The hexagonal resonator characteristics of an individual ZnO-nanonail’s head were investigated via spatially resolved cathodoluminescence (CL) at room temperature. The positions of most of distinct CL peaks in visible range were well matched to those of whispering gallery modes (WGMs) of a hexagonal dielectric cavity when we took birefringence and dispersion of refractive indices into account. The broad and weak peaks for TE polarization in long wavelength range were consistent with refractive-index values below the threshold for total internal inflection. CL peaks that were not matched to WGMs were identified as either triangular quasi-WGM or Fabry–Pérot resonance modes.

Bending and bundling of metal-free vertically aligned ZnO nanowires due to electrostatic interaction

Bending and bundling was observed from vertically aligned arrays of ZnO nanowires with flat (0001) top surfaces, which were synthesized using a vapor-phase method without metal catalysts.

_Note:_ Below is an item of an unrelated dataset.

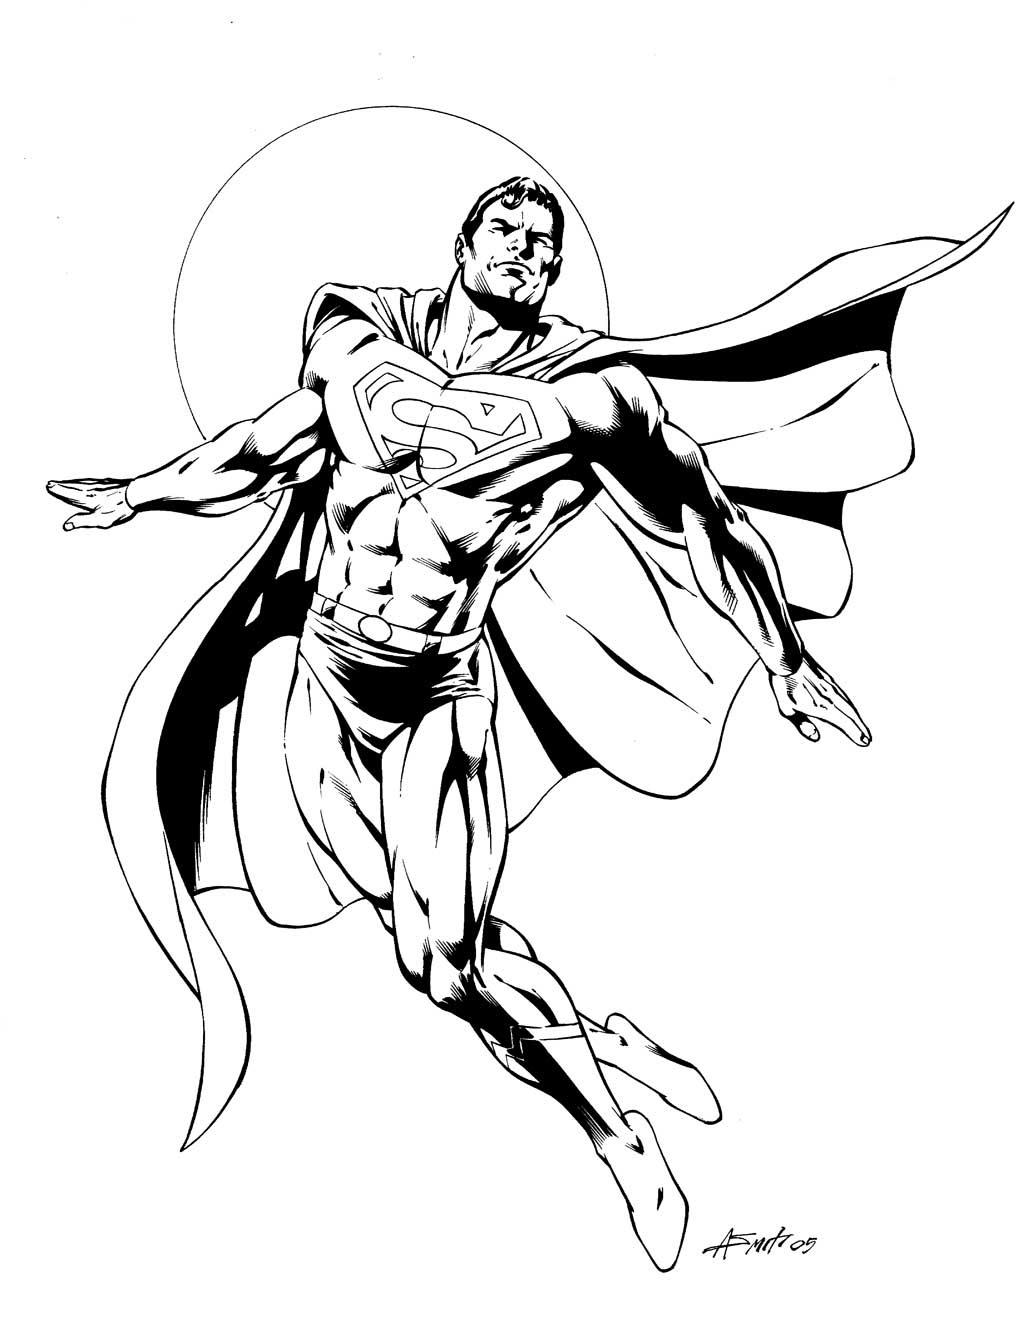 71 Dessins De Coloriage Superman à Imprimer Sur Laguerchecom Page 7

Sufficient evidence was found to exclude electron-beam bombardment during scanning electron microscopy as a cause for bending and bundling. We attribute the bending and bundling to electrostatic interactions due to charged (0001) polar surfaces, and also discussed the threshold surface charge densities for the bending and bundling based on a simple cantilever-bending model. Some growth features were indicative of the operation of electrostatic interactions during the growth.